Наблюдение командования воинской части применяется для обеспечения надлежащего поведения и своевременной явки обвиняемого (подозреваемого) по вызову органа, избравшего данную меру пресечения. Военнослужащие, в отношении которых в качестве меры пресечения избрано наблюдение командования воинской части, лишаются на это время права ношения оружия, постоянно пребывают под наблюдением суточного наряда или своего начальника, не направляются на работу вне расположения воинской части в одиночном порядке, не назначаются в караул и другие ответственные наряды.

Как видим, данная мера пресечения создает для обвиняемого (подозреваемого) специальный режим. Сами же ограничения при осуществлении такого наблюдения оказывают в условиях военной службы необходимое воспитательное воздействие на военнослужащего, так как он постоянно ощущает, что, совершив преступление, тем самым нарушил выполнение воинского долга и поэтому поставлен в специальные условия в той же части, где проходила его служба.

Командованию воинской части сообщается о сущности уголовного дела, по которому избирается такая мера пресечения. Об установлении наблюдения командования воинской части в письменной форме уведомляется орган, избравший данную меру процессуального принуждения. Вопрос об ответственности командования воинской части за нарушение (неисполнение) своих обязанностей по наблюдению за поведением военнослужащего решается в каждом отдельном случае исходя из требований уставов Вооруженных Сил Союза ССР.

К несовершеннолетним обвиняемым (подозреваемым), кроме мер пресечения, перечисленных в ст. 89 УПК РСФСР, может применяться отдача их под надзор родителей, опекунов, попечителей, а к воспитывающимся в закрытых детских учреждениях – отдача под надзор администрации таких учреждений (ст. 394 УПК РСФСР)[205].

Сущность рассматриваемой меры пресечения состоит в принятии на себя кем-либо из указанных лиц обязательства обеспечить надлежащее поведение и явку несовершеннолетнего обвиняемого (подозреваемого) по вызовам следственных, прокурорских и судебных органов. Данная мера пресечения может избираться как по инициативе должностных лиц этих органов, так и по инициативе родителей, опекунов, попечителей, а также администрации закрытых детских учреждений.

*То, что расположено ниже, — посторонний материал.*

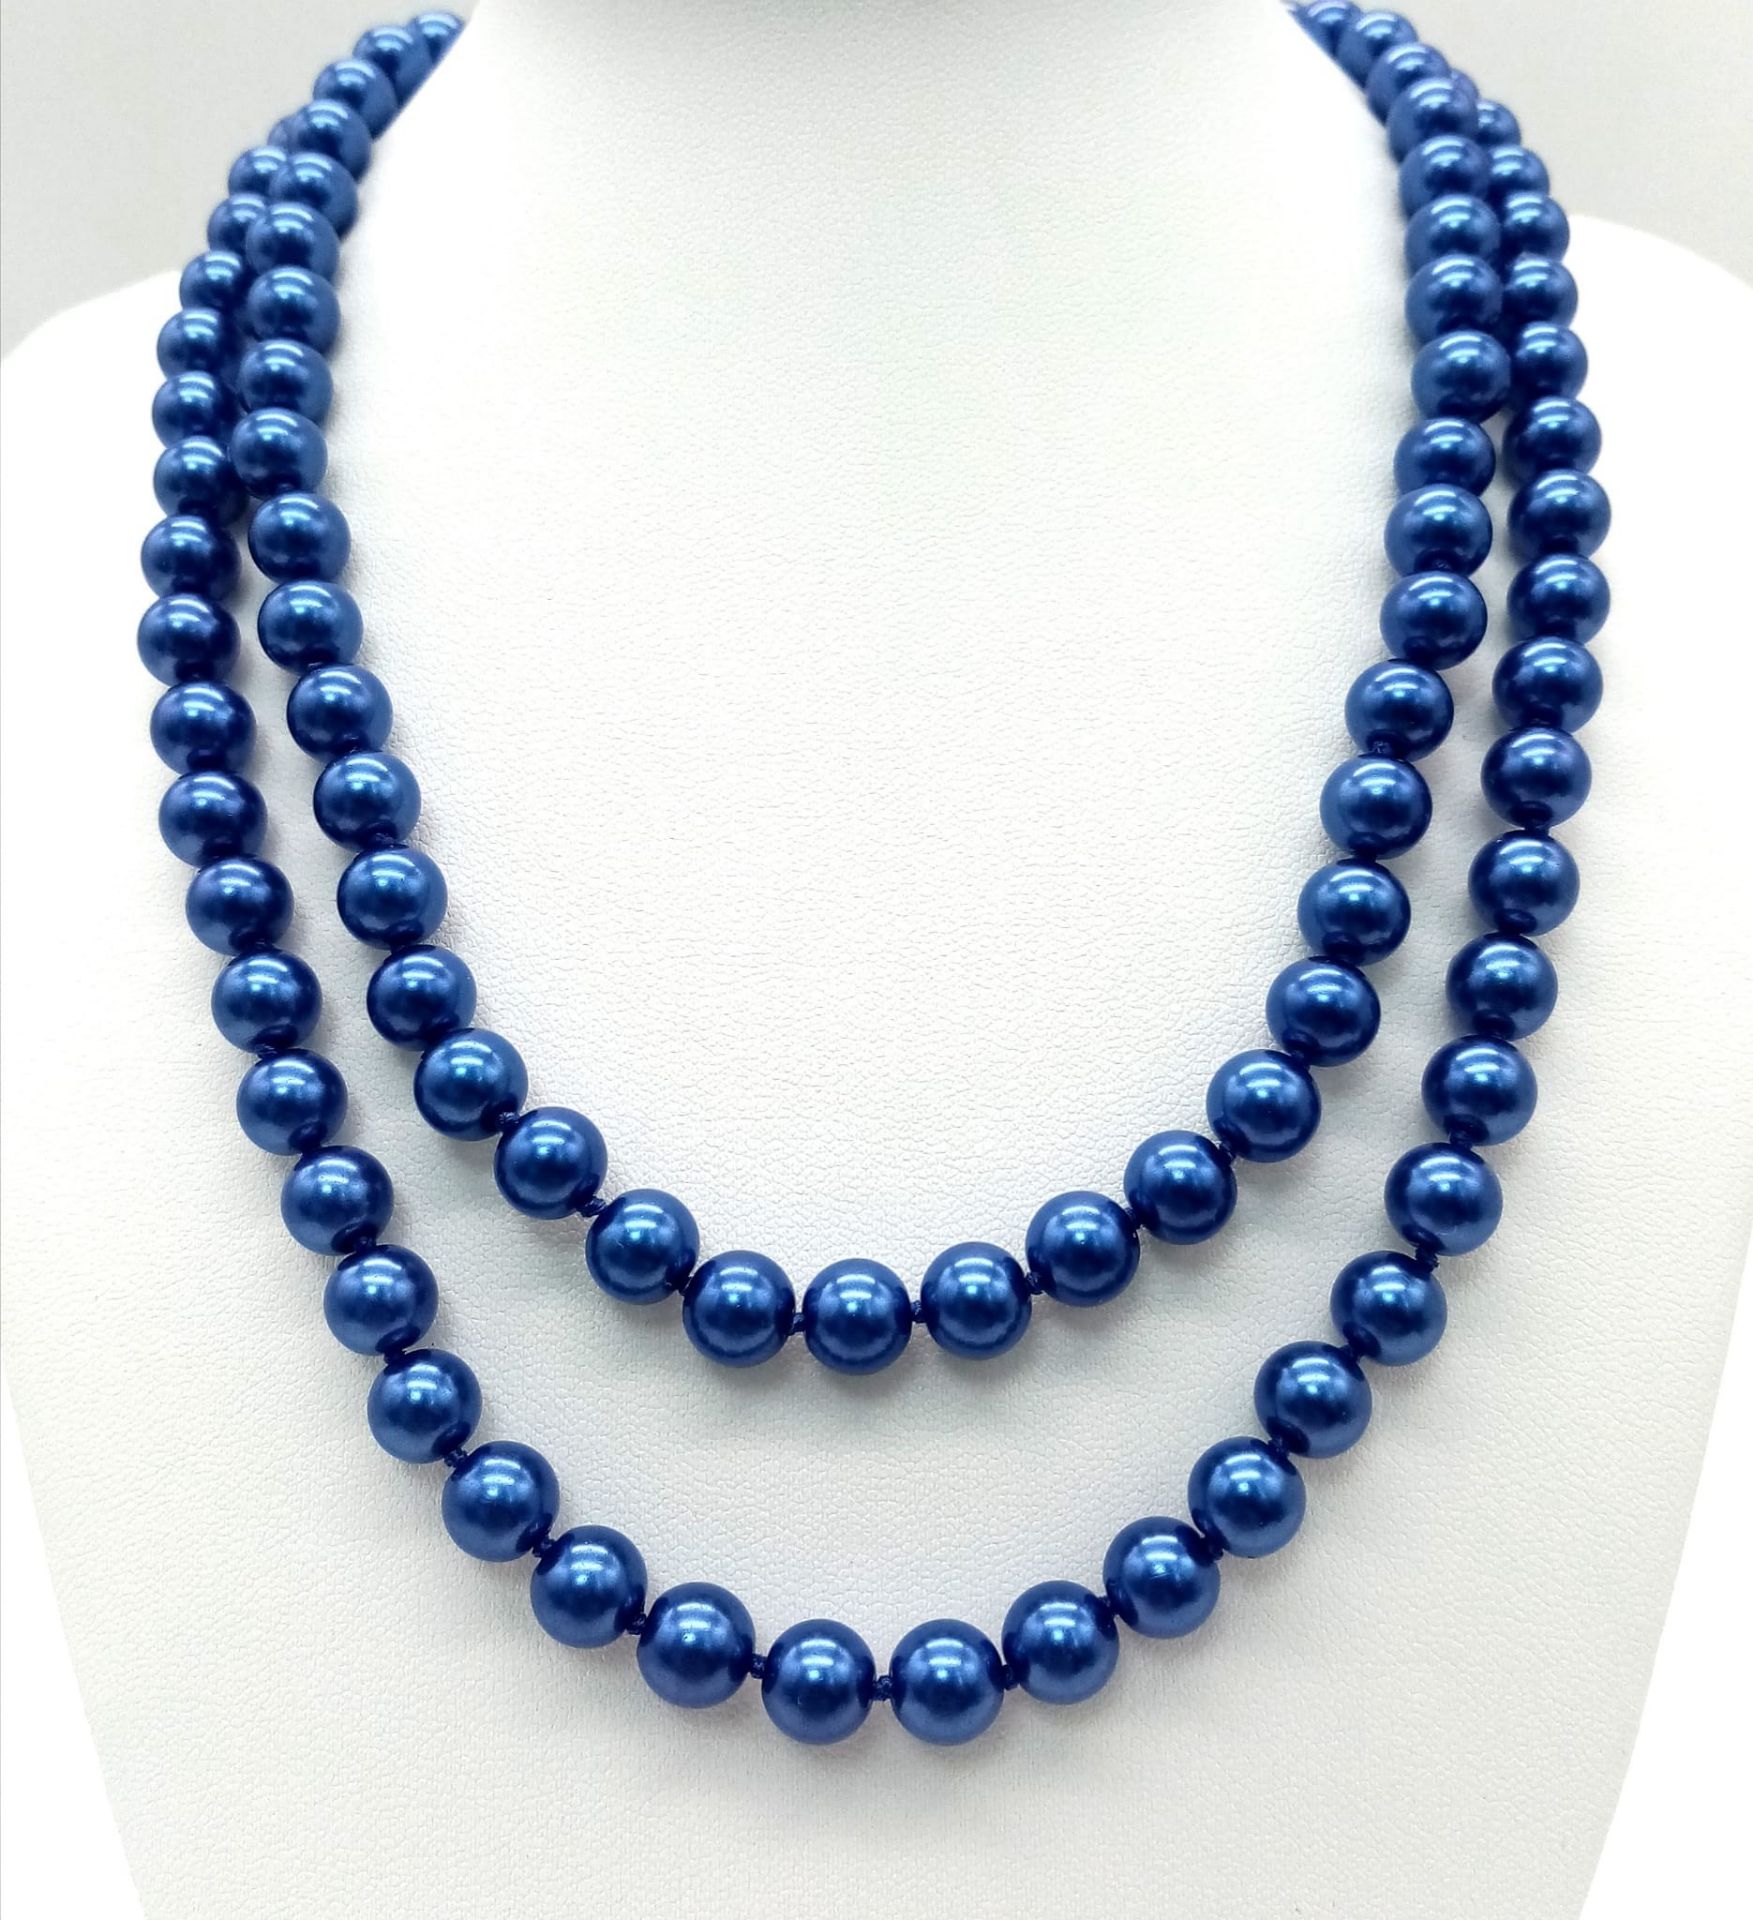 A Matinee Length Metallic Blue South Sea Pearl Shell Necklace. Beads - 8mm. Necklace length - 88cm.

Решению об избрании такой меры пресечения обязательно должно предшествовать выявление следователем таких обстоятельств, которые бы свидетельствовали о том, что именно эта мера пресечения является наиболее эффективной в отношении конкретно взятого несовершеннолетнего обвиняемого. Ее применение, в частности, оправдано в тех случаях, когда, например, подросток утратил связь с коллективом школы, ПТУ, предприятием, совхозом, колхозом, но характер совершенного им преступления и особенности личности позволяют обойтись без ареста. При избрании этой меры пресечения следователь должен иметь подробные сведения о социальном облике лица, которому несовершеннолетний отдается под присмотр, о его возможностях по контролю над поведением несовершеннолетнего и обеспечению явки последнего по вызовам следственных и судебных органов. Таким лицам разъясняется характер совершенного обвиняемым преступления.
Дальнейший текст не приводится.